The Bird of Paradise during its courtship dance pirouettes with its upper body puffed out to show how big its pecks can be. It turns itself into a giant face to prove it can frighten enemies it will need to protect a potential mate from,
the same way I make a snarling grunting noise when I hear that weekend work email notification dinging its drunken dong. Liken to an invisible nanotech collar made from an alien civilization, or like the kind of leash some temper-spiking divorcee with hell to pay yanks up on to get her feelings to stand up straight, stick their furry rumps in the air and puff their chest out, when to be strong all she need do is let herself be afraid and cry, it’s become another marketing tool for the plutocratic few.
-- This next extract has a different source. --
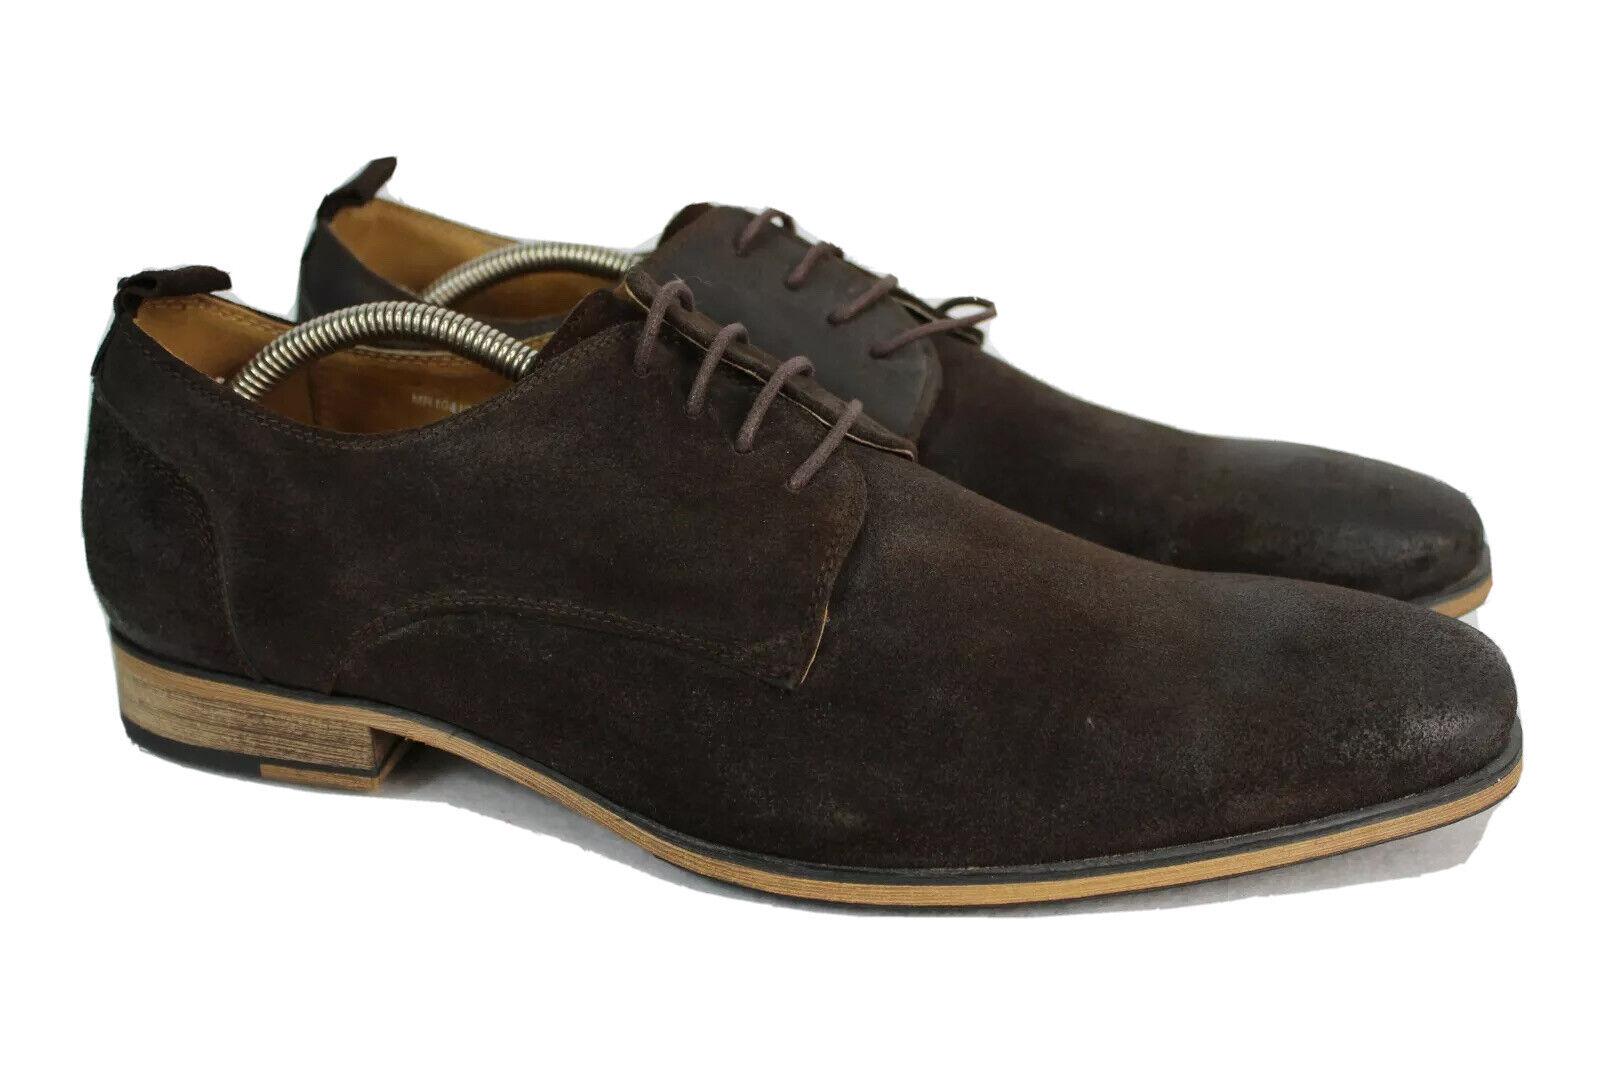 NWOB Kenneth Cole Reaction Men's Running Streak Brown Suede Dress Shoes 12M

Hiding in the bushes of my online address for months to deliver an aptly timed slogan under the cover of a flattery that has about as much to do with me as a Brillo pad with no Brillo on it, one comes trouncing up the front steps of my patience and begins pounding on my peace of mind until a Pavlovian maze-like moment starts to close in on itself like the perfect lake rental.
Like the once vacuum cleaner salesman who’d stake out your routines in order to see when the best time to pitch is, work email will show up unannounced wearing stinky polyester pants and a clip-on tie just as you’re about to go to bed. It knows you must turn out the hall light by the front door first.
The screamer in the backseat during a long trip to see those estranged relatives, it’ll keep wearing you out until, to stop the incessant noise, you’ll pull your time over to either yell at it or delete it outright with a whip of table-clearing, fingertip across the screen. It knows both options are likely to reduce your anxiety, but at the cost of some willing to pay unforeseen consequence.
In fact, that’s how I’ve missed out on a few good-time parties, and on at least one opportunity to get my name out there. Sadly, because of my work-email chord-cutting, gifts went unseen, and became junk mail without my knowing it. It smells like a litter box.